Player protection, the final frontier

    • rootsanarchy
      Dabei seit: 10.01.2008 Beiträge: 6.843
      (New blog from Isle of Man head of egaming development Garth Kimber)

      Garth Kimber, head of e-gaming development, Department of Economic Development, Isle of Man Government

      American professional poker player Phil Ivey was recently quoted as being “Deeply disappointed and embarrassed” at players not being refunded their money by Full Tilt following the events of Black Friday.

      The EU Commission has calculated that there are more than 12,500 sites in Europe alone operating without a licence of any sort. This means not only that the game has not been checked for fairness, but also that there is nothing to prevent player funds from being intermingled with operational funds, invested or worse.

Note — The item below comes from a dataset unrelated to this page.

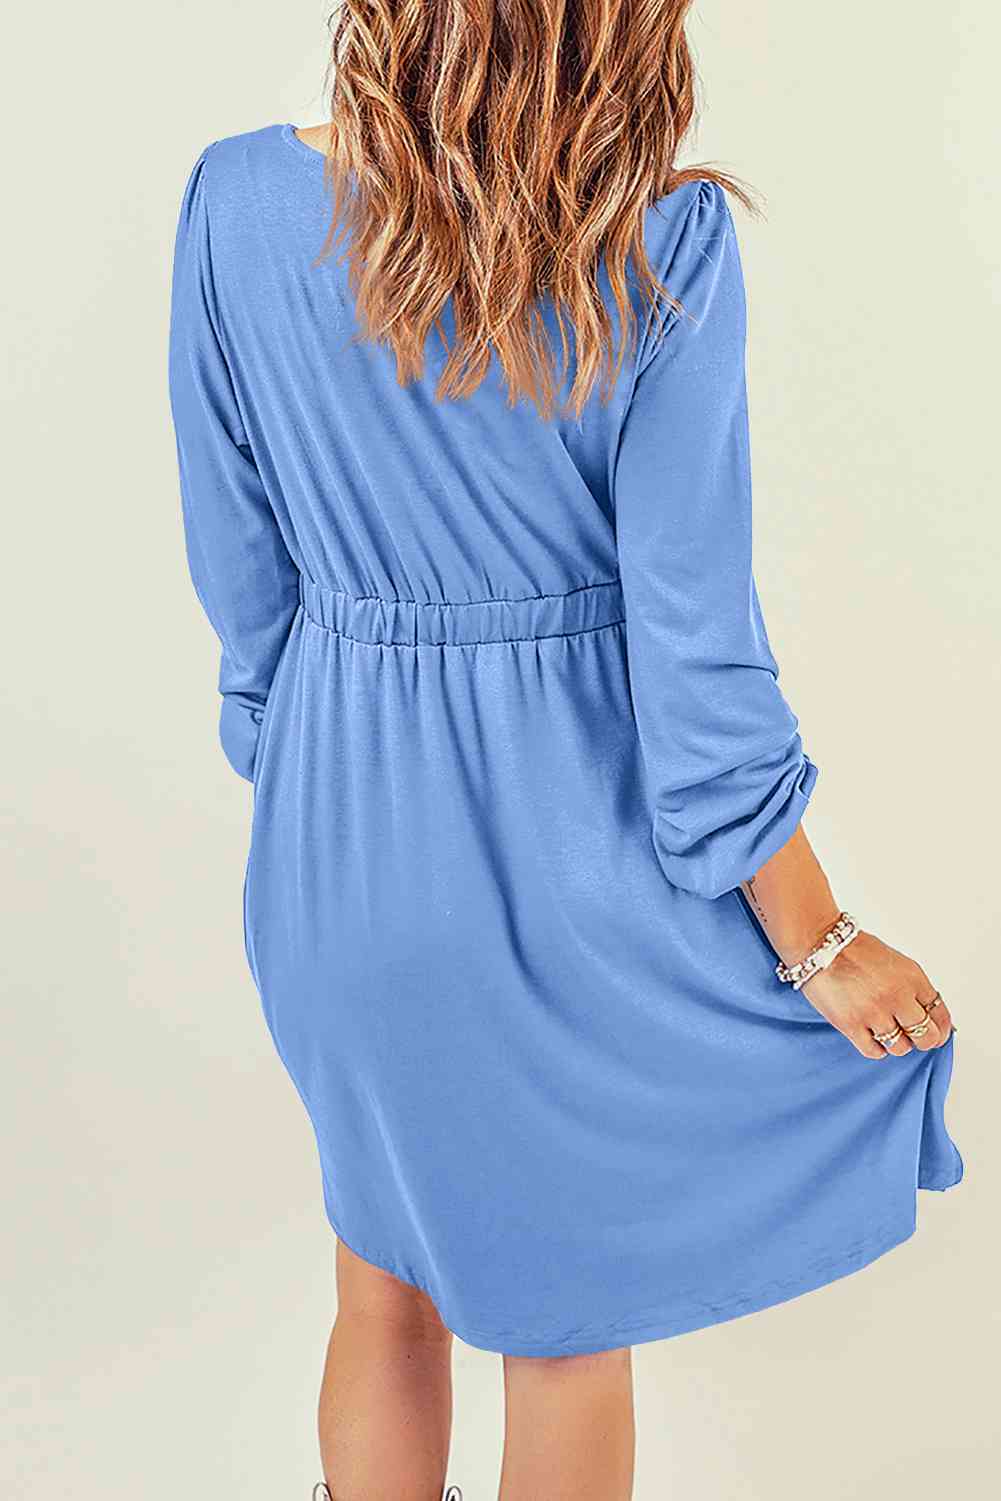 FULL SIZE Button Down Long Sleeve Dress with Pockets

      The gaming sector has grown quickly since the first site went live in 1995. And, as with all new industries that experience this rapid rise, there can be a lag in time before consumer protection and regulation fully catch-up with one another, however it’s still surprising to see how long it’s taken for players to realise how licensing and regulation affects them personally.

      Without schadenfreude towards Full Tilt’s customers, the issue of protection of players’ funds has been treated with the same apathy as say, pensions; even by the pros, as Ivey’s statement clearly demonstrates. This is not the first or last time that an operator has failed to refund its players’ money.

      As European countries start to open up their own regulatory regimes it will be interesting to see how the fine print or their regulation actually protects player funds in practice, particularly when ‘protection of players’ has been the weapon of choice in arguing the case for active regulation in the first place.

      Ultimately players’ choice is everything and, if reported player stats since the US indictments are true, numbers have virtually returned to pre-Black Friday levels at Pokerstars due to its ability to refund its players. The Isle of Man’s strong consumer protection may also have played a part in this return to confidence – all player funds (and winnings) are held on the island in a separate and segregated account clearly designated as player funds and protected under Manx law.

      As the industry matures, and competition remains high, customers will continue to recognise that when choosing where to chance their money, it’s not all about bonuses and fun marketing gimmicks and that some ‘chances’ are bigger than others.

      If this issue matters to players, it should matter to operators.

      - allein in europa mehr als 12.500 gaming-seiten ohne lizenz
      - das bedeutet nicht nur, dass die games nicht auf fairness geprüft sind, sondern auch fehlenden schutz der spielereinlagen
      - spielerschutz (auch bei lizesierten seiten) oftmals zu wenig beachtet (von anbietern und spielern gleichermaßen)
      - spieler realisieren nur langsam wie lizensierung und regulierung sie betrifft
      - spieler werden nach und nach realisieren, dass es bei der wahl der gaming-seite nicht nur auf boni und marketing gimmicks ankommt, sondern auch auf den schutz ihrer einlagen

      geht halt um die entwicklung der gaming industrie und dass die ereignisse um full tilt gezeigt haben, dass sich in sachen spielerschutz noch einiges tun muss. als vertreter der isle of man schreibt er das wohl nicht ganz ohne eigenwerbung, weil das dort halt sehr gut geregelt is.